Kedro starters are a useful way to create a new project that contains code to run as-is, or to adapt and extend.
A team may find it useful to build Kedro starters to create reusable projects that bootstrap a common base and can be extended.
Please note that users are expected to have Git
installed for the kedro new
flow, which is used in this section.
A Kedro starter is a Cookiecutter template that contains the boilerplate code for a Kedro project. First install cookiecutter
as follows:
pip install cookiecutter
To create a Kedro starter, you need a base project to convert to a template, which forms the boilerplate for all projects that use it. You then need to decide which are:
- the common, boilerplate parts of the project
- the configurable elements, which need to be replaced by
cookiecutter
strings
When you create a new project using a Kedro starter, kedro new
prompts you for a project name. This variable (project_name
) is set in the default starter setup inprompts.yml
.
Kedro automatically generates the following two variables from the entered project_name
:
repo_name
- A name for the directory that holds the project repositorypython_package
- A Python package name for the project package (see Python package naming conventions)
As a starter creator, you can customise the prompts triggered by kedro new
by adding your own prompts into the prompts.yml
file in the root of your template. This is an example of a custom prompt:
custom_prompt:
title: "Prompt title"
text: |
Prompt description that explains to the user what
information they should provide.
At the very least, the prompt title
must be defined for the prompt to be valid. After Kedro receives the user's input for each prompt, it passes the value to Cookiecutter, so every key in prompts.yml
must have a corresponding key in cookiecutter.json
.
If the input to the prompts needs to be validated, for example to make sure it only has alphanumeric characters, you can add regex validation rules via the regex_validator
key. Consider using cookiecutter pre/post-generate hooks for more complex validation.
If you want cookiecutter
to provide sensible default values, in case a user doesn't provide any input, you can add those to cookiecutter.json
. See the default starter cookiecutter.json
as example.
To review an example Kedro starter, check out the spaceflights-pandas
starter on GitHub.
When a new spaceflights-pandas
project is created with kedro new --starter=spaceflights-pandas
, the user is asked to enter a project_name
variable, which is then used to generate the repo_name
and python_package
variables by default.
If you use a configuration file, you must supply all three variables in the file. You can see how these variables are used by inspecting the template:
The human-readable project_name
variable is used in the README.md for the new project.

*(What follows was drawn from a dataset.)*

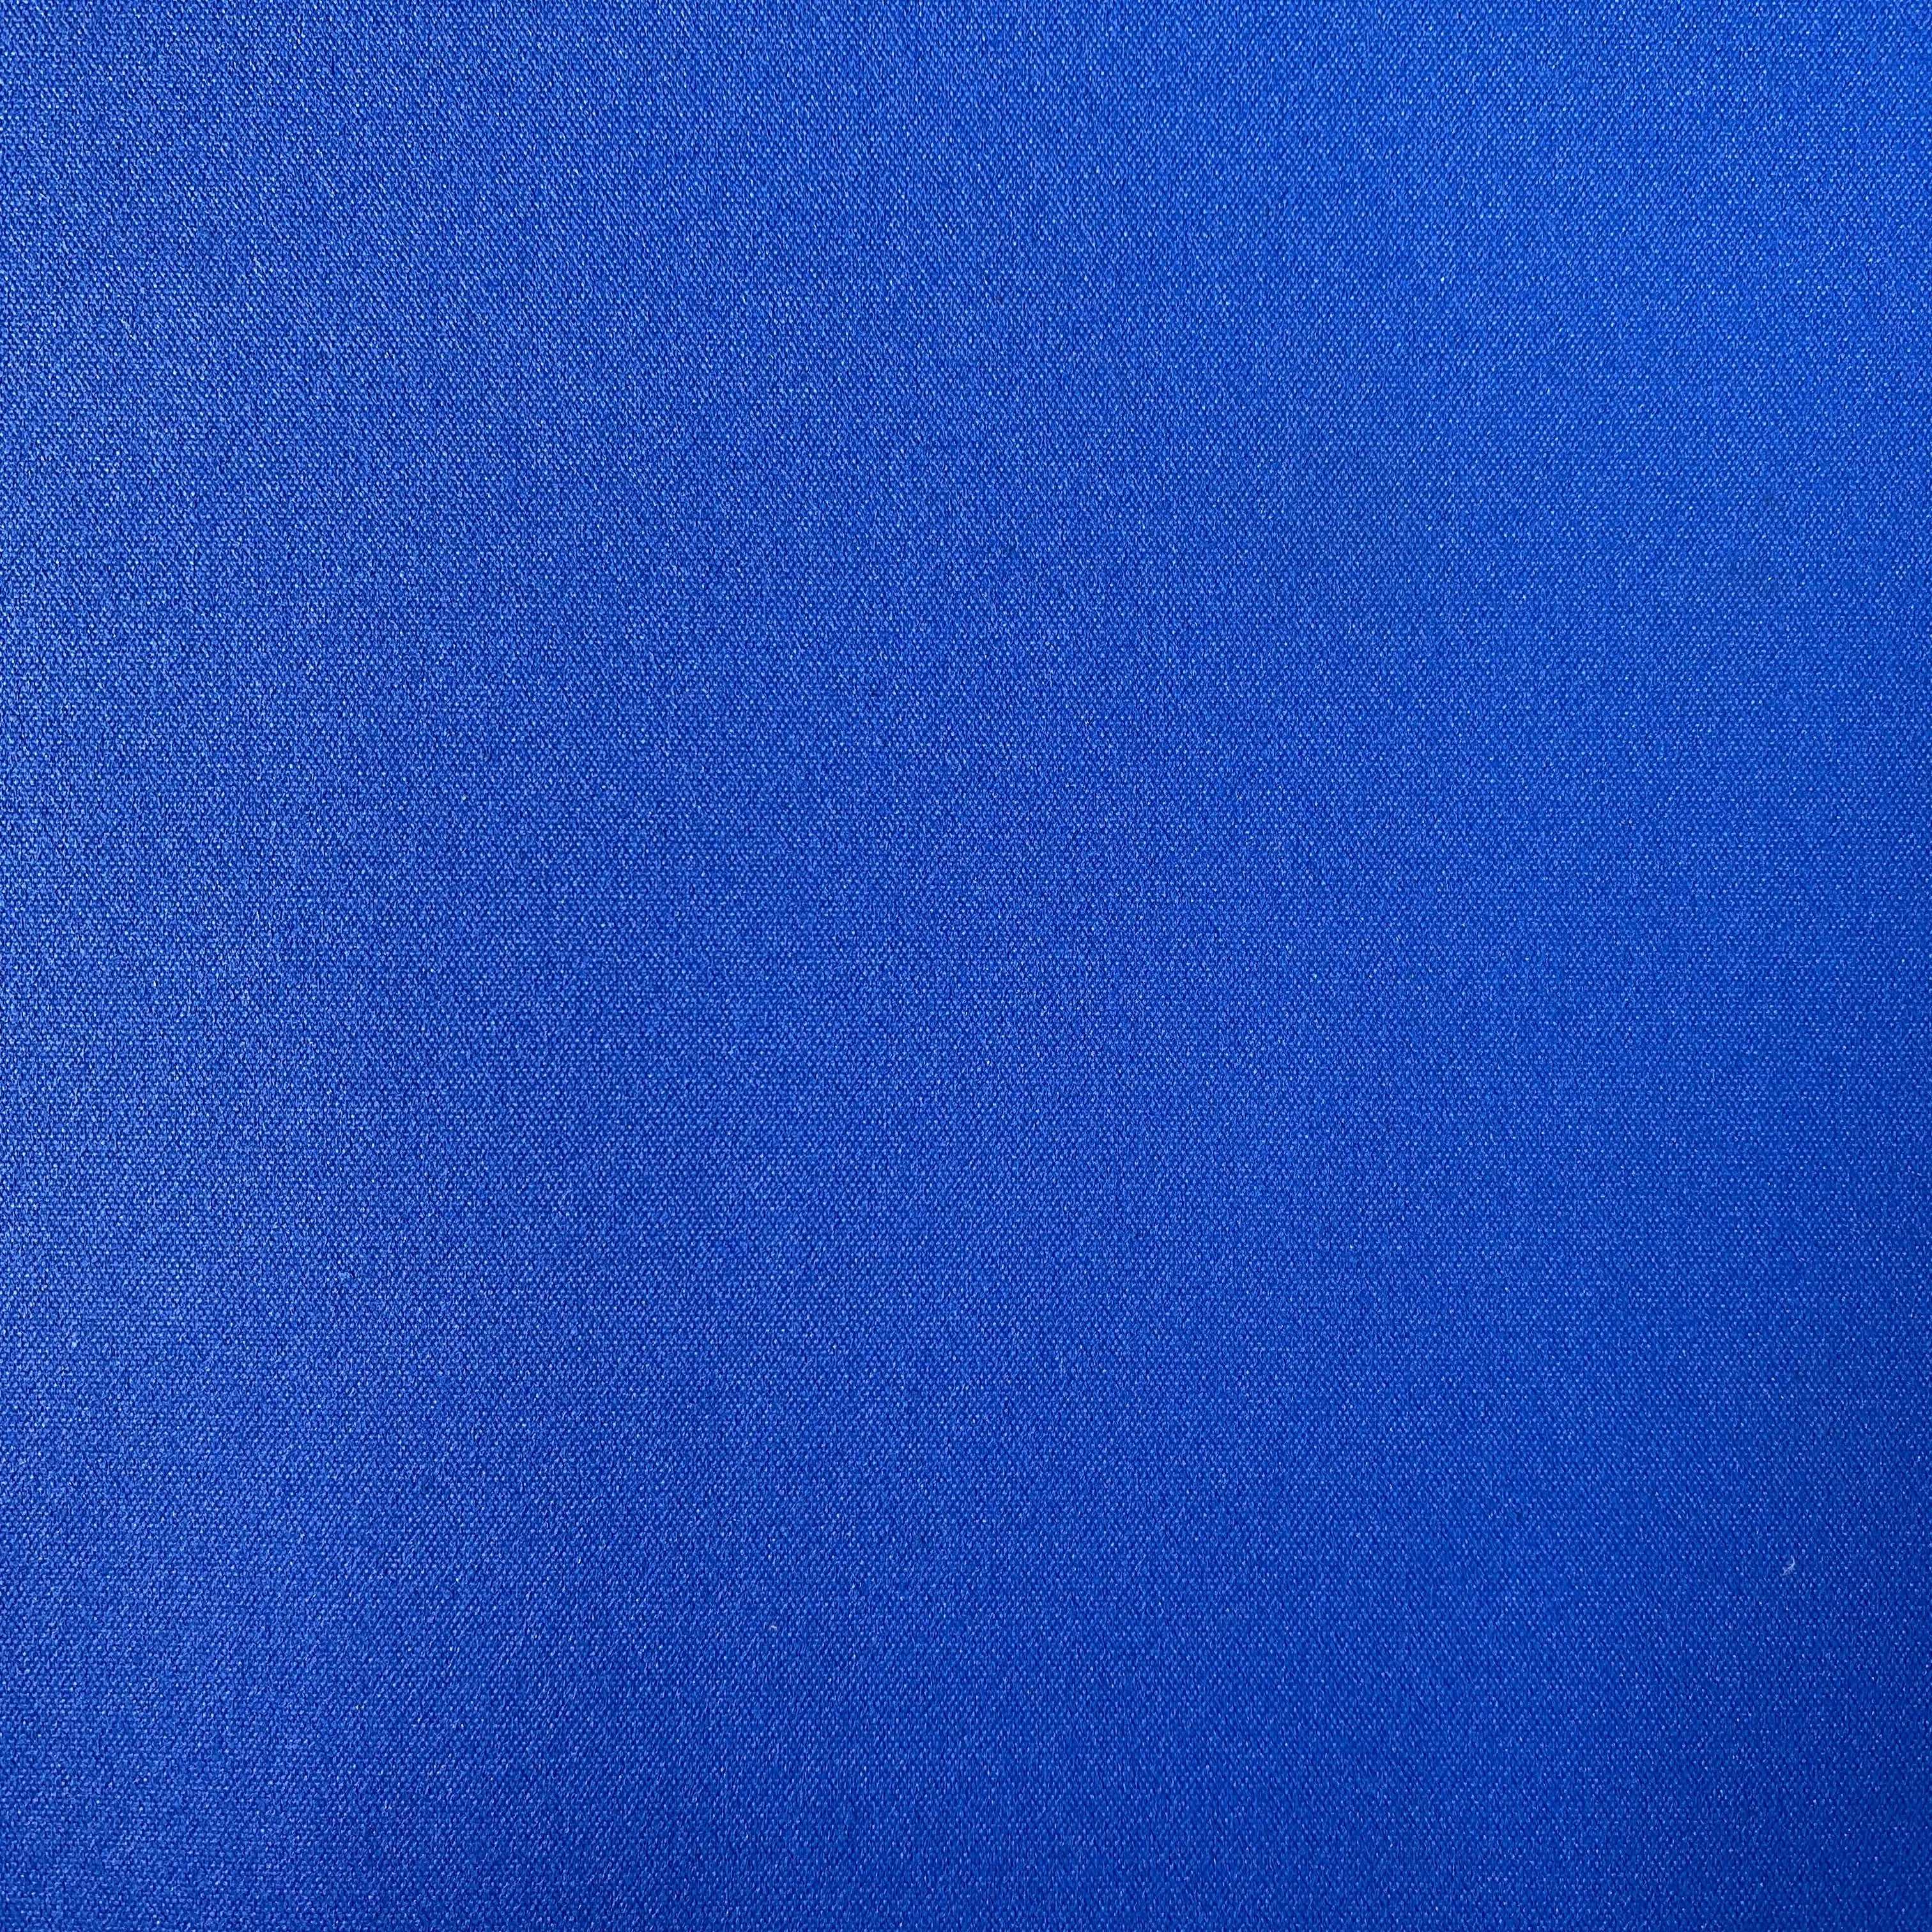 Solid Ocean Blue

The top-level folder labelled {{ cookiecutter.repo_name }}
, which forms the top-level folder to contain the starter project when it is created.
Within the parent folder, inside the src
subfolder, is another configurable variable {{ cookiecutter.python_package }} which contains the source code for the example pipelines. The variable is also used within __main__.py
.
Here is the layout of the project as a Cookiecutter template:
{{ cookiecutter.repo_name }} # Parent directory of the template
├── conf # Project configuration files
├── data # Local project data (not committed to version control)
├── docs # Project documentation
├── notebooks # Project related Jupyter notebooks (can be used for experimental code before moving the code to src)
├── pyproject.toml #
├── README.md # Project README
├── requirements.txt
└── src # Project source code
└── {{ cookiecutter.python_package }}
├── __init.py__
├── pipelines
├── pipeline_registry.py
├── __main__.py
└── settings.py
└── tests
You can add an alias by creating a plugin using kedro.starters
entry point which enables you to call kedro new --starter=your_starters
. That is, it can be used directly through the starter
argument in kedro new
rather than needing to explicitly provide the template
and directory
arguments.
A custom starter alias behaves in the same way as an official Kedro starter alias and is also picked up by the command kedro starter list
.
You need to extend the starters by providing a list of KedroStarterSpec
, in this example it is defined in a file called plugin.py
.
Example for a non-git repository starter:
# plugin.py
starters = [
KedroStarterSpec(
alias="test_plugin_starter",
template_path="your_local_directory/starter_folder",
)
]
Example for a git repository starter:
# plugin.py
starters = [
KedroStarterSpec(
alias="test_plugin_starter",
template_path="https://github.com/kedro-org/kedro-starters/",
directory="spaceflights-pandas",
)
]
The directory
argument is optional and should be used when you have multiple templates in one repository as for the official kedro-starters. If you only have one template, your top-level directory will be treated as the template.
In your pyproject.toml
, you need to register the specifications to kedro.starters
:
[project.entry-points."kedro.starters"]
starter = "plugin:starters"
After that you can use this starter with kedro new --starter=test_plugin_starter
.
If your starter is stored on a git repository, Kedro defaults to use a tag or branch labelled with your version of Kedro, e.g. `0.18.12`. This means that you can host different versions of your starter template on the same repository, and the correct one will be used automatically. If you prefer not to follow this structure, you should override it with the `checkout` flag, e.g. `kedro new --starter=test_plugin_starter --checkout=main`.